• **RECORDS SUPPLIED**:
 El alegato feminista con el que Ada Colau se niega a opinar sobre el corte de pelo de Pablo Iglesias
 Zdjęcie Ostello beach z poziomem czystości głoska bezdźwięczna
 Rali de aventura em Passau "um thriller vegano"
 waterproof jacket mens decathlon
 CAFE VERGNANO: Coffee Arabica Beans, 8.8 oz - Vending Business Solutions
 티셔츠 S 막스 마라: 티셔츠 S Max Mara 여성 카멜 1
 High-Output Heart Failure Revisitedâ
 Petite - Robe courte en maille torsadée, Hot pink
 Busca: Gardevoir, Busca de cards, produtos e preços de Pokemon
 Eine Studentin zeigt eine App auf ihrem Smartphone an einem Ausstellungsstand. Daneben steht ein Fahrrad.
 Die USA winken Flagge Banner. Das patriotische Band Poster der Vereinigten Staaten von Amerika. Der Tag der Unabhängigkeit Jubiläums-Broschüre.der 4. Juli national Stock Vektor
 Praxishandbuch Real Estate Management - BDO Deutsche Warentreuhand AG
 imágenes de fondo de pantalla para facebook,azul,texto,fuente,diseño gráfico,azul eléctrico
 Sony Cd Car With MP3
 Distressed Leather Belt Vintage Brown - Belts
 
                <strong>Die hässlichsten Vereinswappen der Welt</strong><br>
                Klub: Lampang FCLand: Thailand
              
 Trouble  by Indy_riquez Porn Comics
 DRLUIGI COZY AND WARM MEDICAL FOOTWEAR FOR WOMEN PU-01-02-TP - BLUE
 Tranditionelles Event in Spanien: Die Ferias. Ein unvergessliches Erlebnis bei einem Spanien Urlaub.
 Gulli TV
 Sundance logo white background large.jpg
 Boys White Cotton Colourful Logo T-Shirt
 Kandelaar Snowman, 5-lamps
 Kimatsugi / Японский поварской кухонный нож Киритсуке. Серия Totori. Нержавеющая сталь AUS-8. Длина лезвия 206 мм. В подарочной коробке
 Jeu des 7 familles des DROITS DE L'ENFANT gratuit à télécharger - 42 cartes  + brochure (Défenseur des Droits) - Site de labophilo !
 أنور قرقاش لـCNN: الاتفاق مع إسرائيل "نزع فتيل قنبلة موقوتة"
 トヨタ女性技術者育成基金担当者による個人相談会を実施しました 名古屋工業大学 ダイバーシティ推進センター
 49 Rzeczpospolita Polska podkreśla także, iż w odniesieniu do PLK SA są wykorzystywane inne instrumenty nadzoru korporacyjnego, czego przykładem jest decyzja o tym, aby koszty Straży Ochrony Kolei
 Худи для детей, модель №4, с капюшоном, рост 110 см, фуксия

• **REQUIREMENT**: Would you quote everything above from the line containing "Praxishandbuch Real Estate" down to the line containing "DRLUIGI COZY AND"? Include both of those lines and nothing else.

• **RESULT BELOW**:
 Praxishandbuch Real Estate Management - BDO Deutsche Warentreuhand AG
 imágenes de fondo de pantalla para facebook,azul,texto,fuente,diseño gráfico,azul eléctrico
 Sony Cd Car With MP3
 Distressed Leather Belt Vintage Brown - Belts
 
                <strong>Die hässlichsten Vereinswappen der Welt</strong><br>
                Klub: Lampang FCLand: Thailand
              
 Trouble  by Indy_riquez Porn Comics
 DRLUIGI COZY AND WARM MEDICAL FOOTWEAR FOR WOMEN PU-01-02-TP - BLUE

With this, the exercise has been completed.